Introduction:
The past few decades have seen the rise of Human Papilloma Virus (HPV)-related Oropharyngeal Squamous Cell Carcinoma (OPSCC). This shift in epidemiology has led to exploration with de-escalation trials that affect our treatment of this cancer. The optimal treatment for T1-2, N0-N1 OPSCC is an ongoing debate as the current understanding of disease processes and advancing technologies are constantly changing.1-3
Current National Comprehensive Cancer Network (NCCN) guidelines recommend single modality treatment with either surgery or radiation for both HPV and non-HPV-related T1-2, N0-N1 OPSCC. While we await the results of several ongoing clinical trials, systematic and retrospective reviews suggest no difference in survival outcomes for the treatment of early-stage OPSCC between either modality.1,4
Given equivalent survival outcomes with either treatment modality in this population, little work has been conducted looking at the influence patient, socioeconomic, regional, or institutional factors have in primary treatment modality for this category of OPSCC. This question is ideally analyzed using large national data registries and a methodology equipped to analyze multiple layers of influence.

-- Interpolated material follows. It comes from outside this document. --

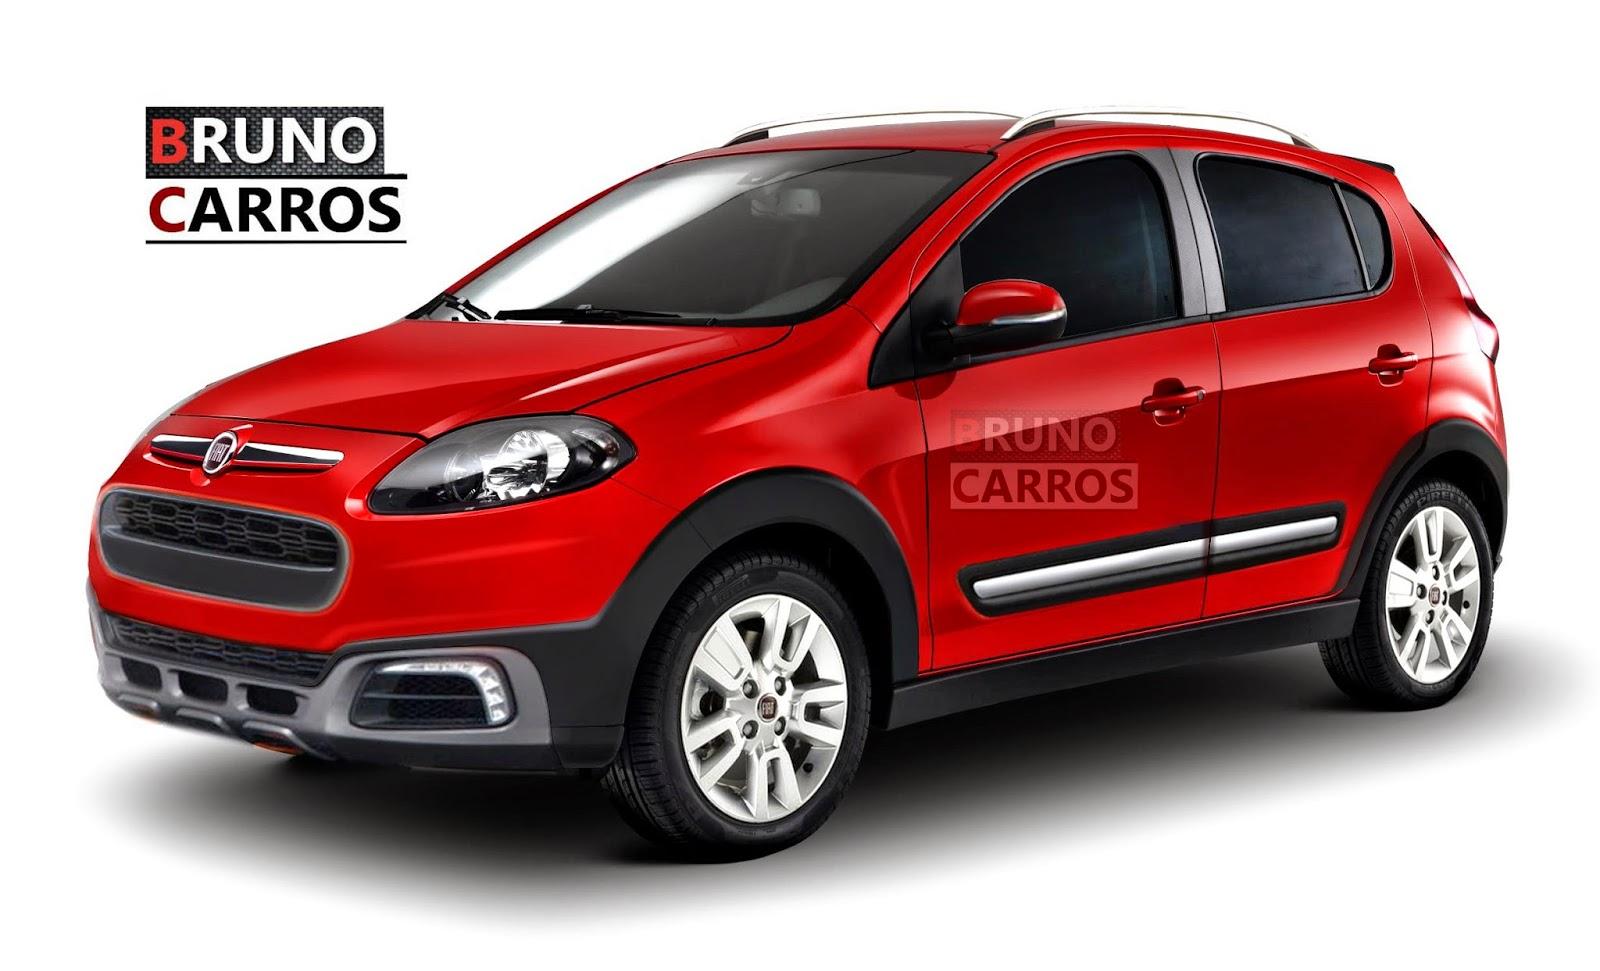 Fiat uno 2014 price in india autos post for Fiat attractive 2016

Machine learning (ML) is a novel form of analysis that uses sophisticated statistical theories to create a prediction model.5,6 Many of the statistical principles vital to the machine learning process are similar to traditional statistical methodologies used in clinical medicine, but the primary objective of machine learning is to predict an unknown component rather that determine inferences.5,7,8 Machine learning excels in its ability to analyze complicated interactions that exist between these variables.56 There is growing interest in various fields of medicine to use machine learning to improve upon current methodologies.5-7
This study therefore seeks to utilize machine learning to create a prediction model for the primary treatment modality of patients with T1-2, N0-N1 OPSCC by examining patient, socioeconomic, regional, and institutional factors in addition to tumor factors. In doing so, this study will demonstrate how machine learning can be utilized to create prediction models in a reproducible manner, and provide insight to the variables that influence treatment patterns.